# Java Fern, turned white, looks ill



## raven_wilde (Nov 16, 2005)

I seem to have a problem with some java ferns... which has never happened before so I am very puzzled.

This is occuring in my ten gallon cherry shrimp tank over the last week. The water tests out to be good ph, and nitrate/nitrite wise... did a water change on Sunday as usual and everything else is status quo. However, in the last week-during which I must add I've been extremly busy so since the water change I haven't really taken a good long look at the plants in there- two different java ferns on the same piece of driftwood but not next to eachother, have blanched, and it looks like they are thinner than the healthy leaves.

For the last few weeks I have not done my twice weekly dosing of flourish, mainly because I've been busy with classes and also because I've had some ferns from another tank in there to have nasty algae cleaned up by the shrimp. I have, however, been dosing excel on an almost daily basis (when I remember), and sometimes probably 2 or 3 times the recommended amount gets dumped in- I measure in a test tube but I have shaky hands! Could this be the issue?

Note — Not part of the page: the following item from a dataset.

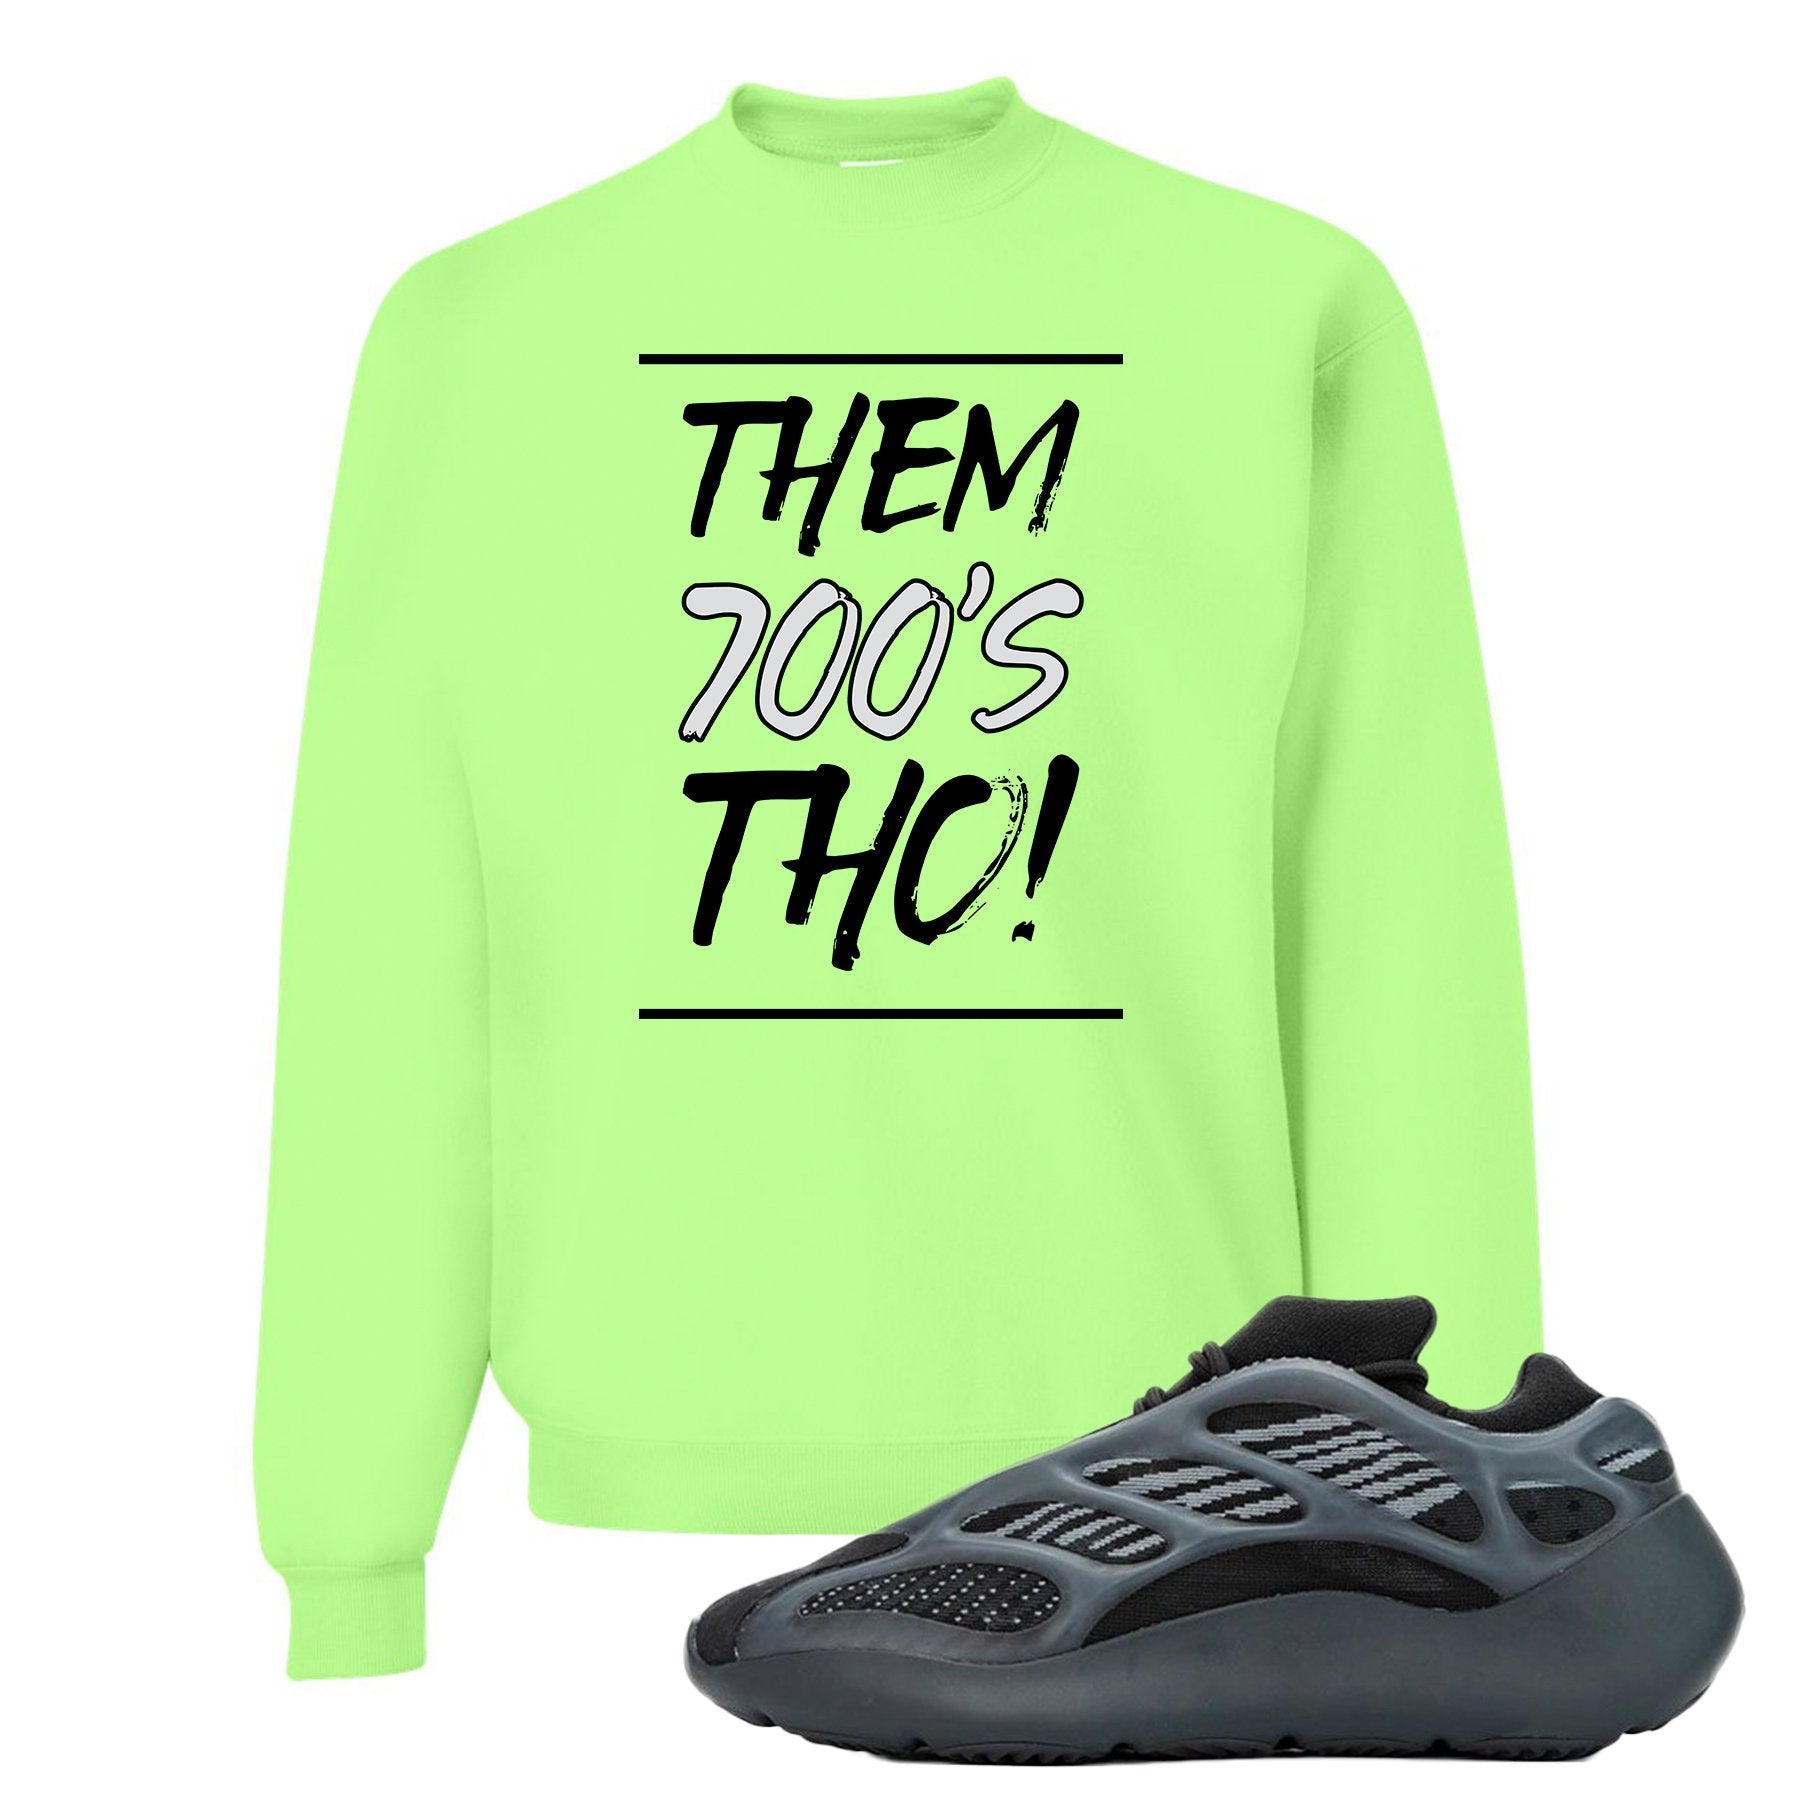 Alvah v3 700s Crewneck Sweatshirt | Them 700's Tho!, Neon Green

I fertilized last night, flourish and flourish iron at the recommended amount... but it's hard to tell if this has had any effect yet.

What do you guys think is going on here? I'm worried, I really like my ferns.


----------



## Zapins (Jul 28, 2004)

Not sure, i have only ever seen them turn black when they get stressed out by algae or get too old.

I dont think it is the excel since i have several fern species in my tank and i dose literally 3-4x the daily dose of excel with no problems.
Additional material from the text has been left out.